The richest phosphorus concentration is in cluster 3, where a high species richness was recorded. Interestingly, cluster 8 includes the highest number of species, but the phosphorus concentration is deficient. Soil phosphorus is essential for plants, involving various processes such as energy transfer and photosynthesis. Furthermore, different variations in total phosphorus concentration lead to increased or decreased richness, while the lowest phosphorus concentration can limit plant concentration (Cui et al., 2023).

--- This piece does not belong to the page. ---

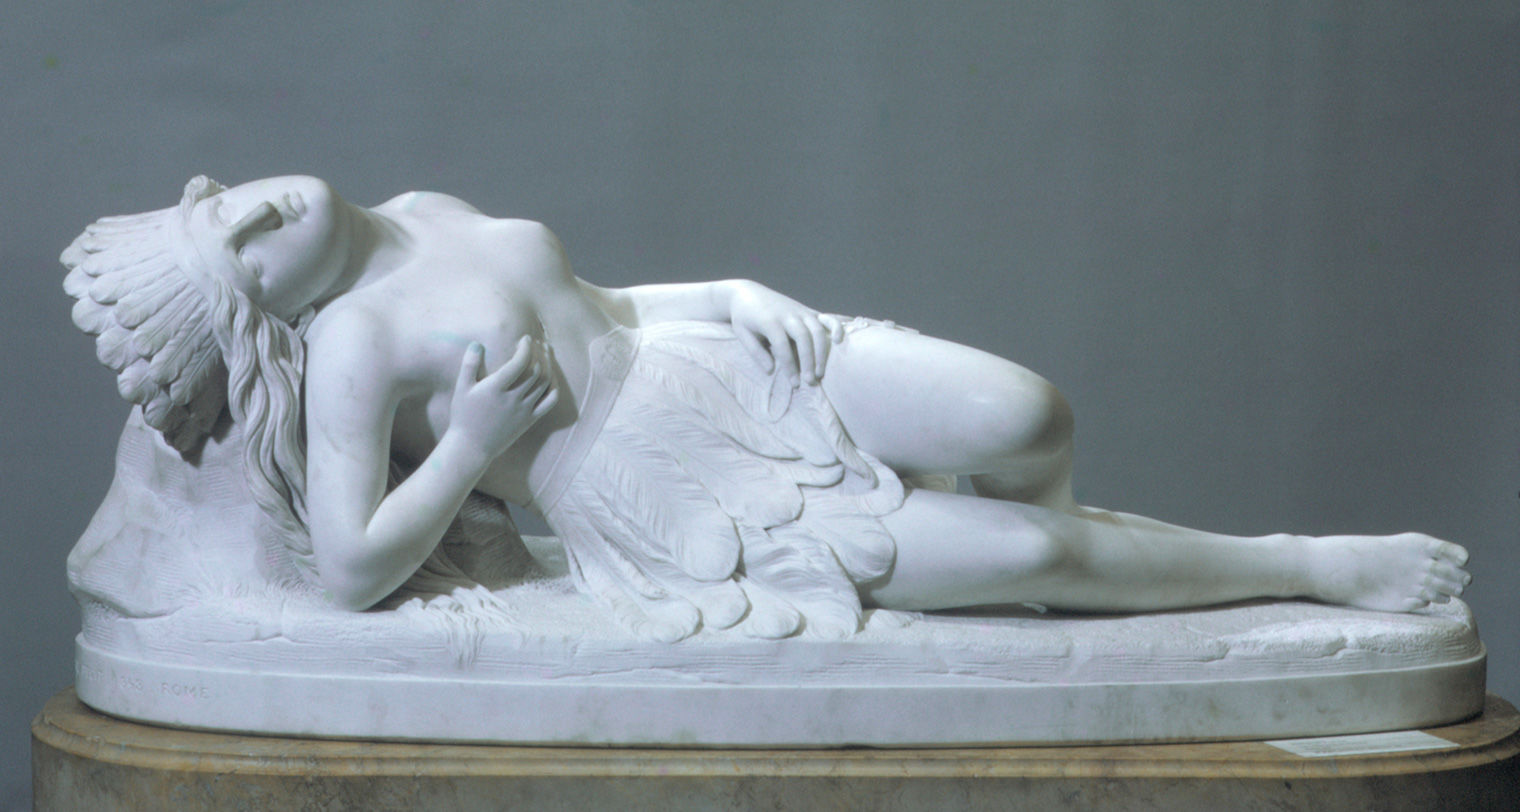 A white marble sculpture of a reclining, bare-chested woman wearing a feathered headdress and skirt, and holding a cross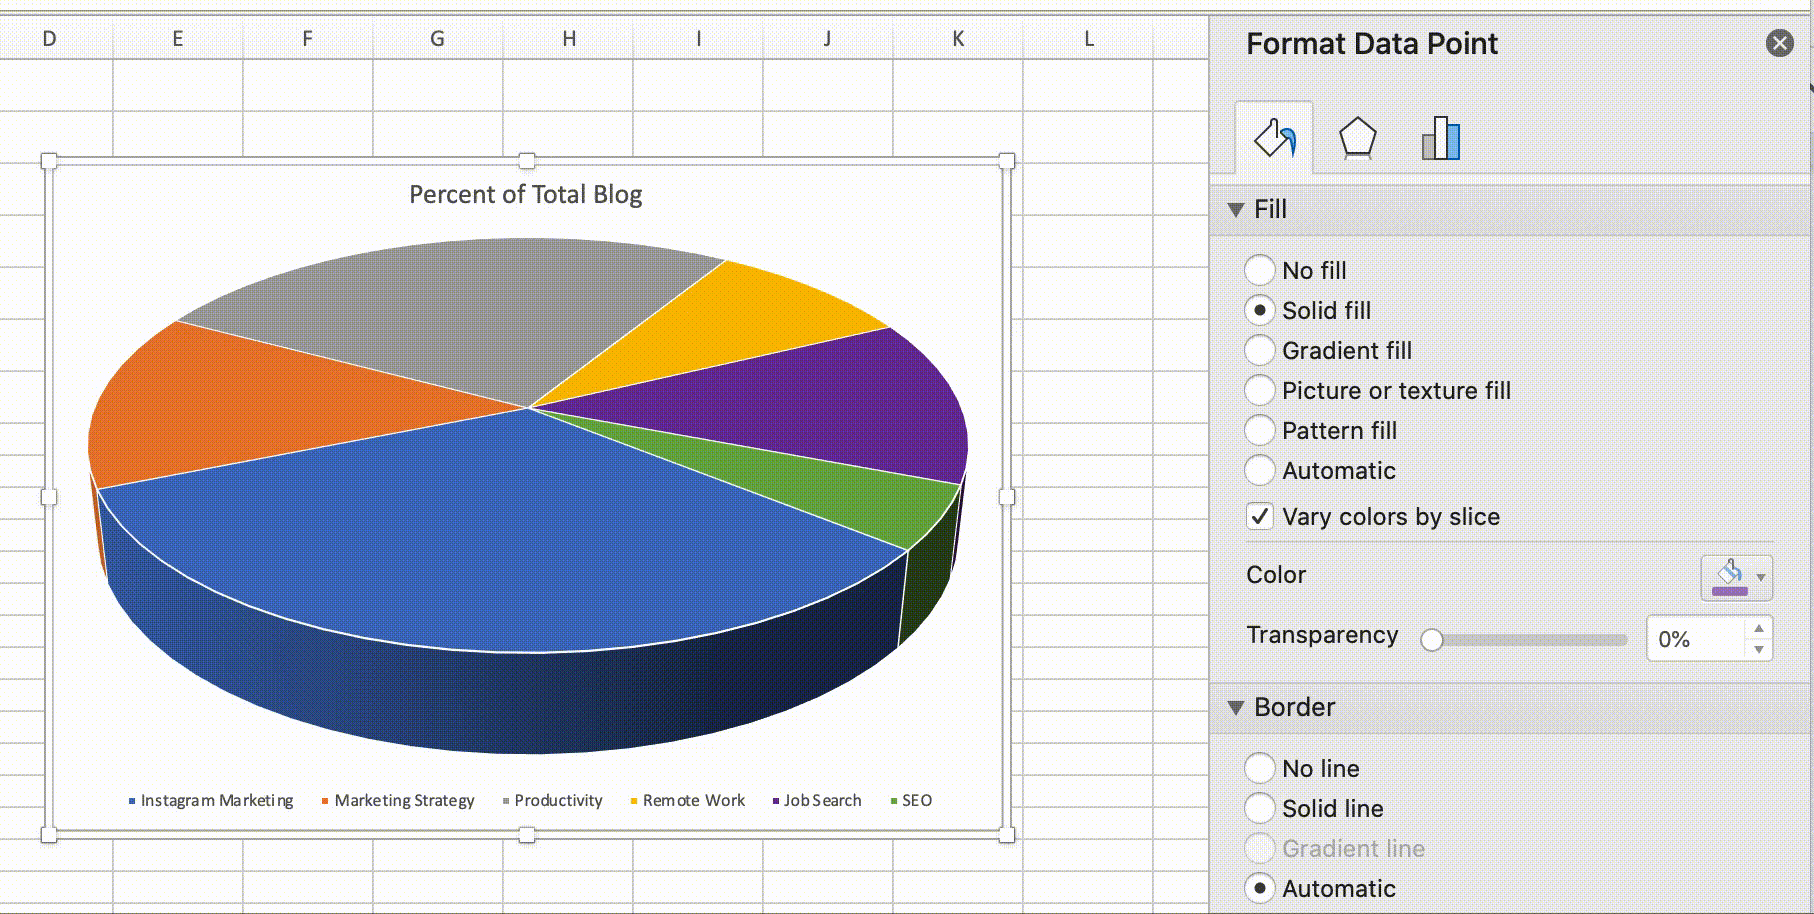 pie chart template excel

Soil pH is between 7.07 and 8.03. Clusters with higher pH have fewer species. Cluster 8 includes 27 species per relevé, and the pH is weakly alkaline (7.5). In this context, our data show that weakly alkaline soils provide the best conditions for plant growth and development, while extreme pH levels limit species diversity. The data are also consistent with the literature (Zelnik & Čarni, 2013).
The higher the concentration of humus, the higher the number of species. Soil humus is important for soil fertility and structure. The high humus concentration shows how important the soil can be for plant growth (Cui et al., 2023).
Elevation varies between groups. Higher elevation ranges include moderate species richness. The relationship between elevation and species diversity is well studied (Lazarina et al., 2019). Körner (2007) further demonstrated that the diversity of species decreases with elevation since resources are limited, and climatic conditions become more adverse. Conversely, higher elevations can determine a great number of species in certain areas where specific microhabitats and local adaptations are present (Rahbek 1995).
The floristic composition of the analyzed pastures was diverse and related to environmental variables and grazing pressure. Therefore, sustainable management of this diversity is essential for maintaining productivity in these ecosystems. Understanding the impact of grazing on floristic composition can lead to developing management strategies to support the area's livestock productivity and ecological balance.
Environmental variables and anthropogenic impact strongly influence floral composition. Annual precipitation is a key factor that determines variation in floristic composition. Such results also show the importance of soil conditions influenced by the anthropogenic impact on the diversity and structure of the vegetation.
Most plant species are adapted to moderate to dry conditions (meso-xerophilous). Soil trophic varies between oligo-mesotrophic and mesotrophic while grazing tolerance is uniformly average. The species are generally fodder-poor, influenced by human impact (mesohemerobes and beta-euhemerobes), and tend to be moderately urbanophobic, distributed predominantly outside human settlements.
Through the analysis of the studied pastures, several dominant species have been identified that have a central role in the structure of these plant communities. Cynodon dactylon, Agropyron cristatum subsp. pectinatum, Atriplex tatarica and Bothriochloa ischaemum are the predominant species in these pastures. These species are colonizers, dominate different soil types, and adapt to varied environmental conditions. These soils are weakly alkaline, rich in organic carbon and humus, and poor in phosphorus.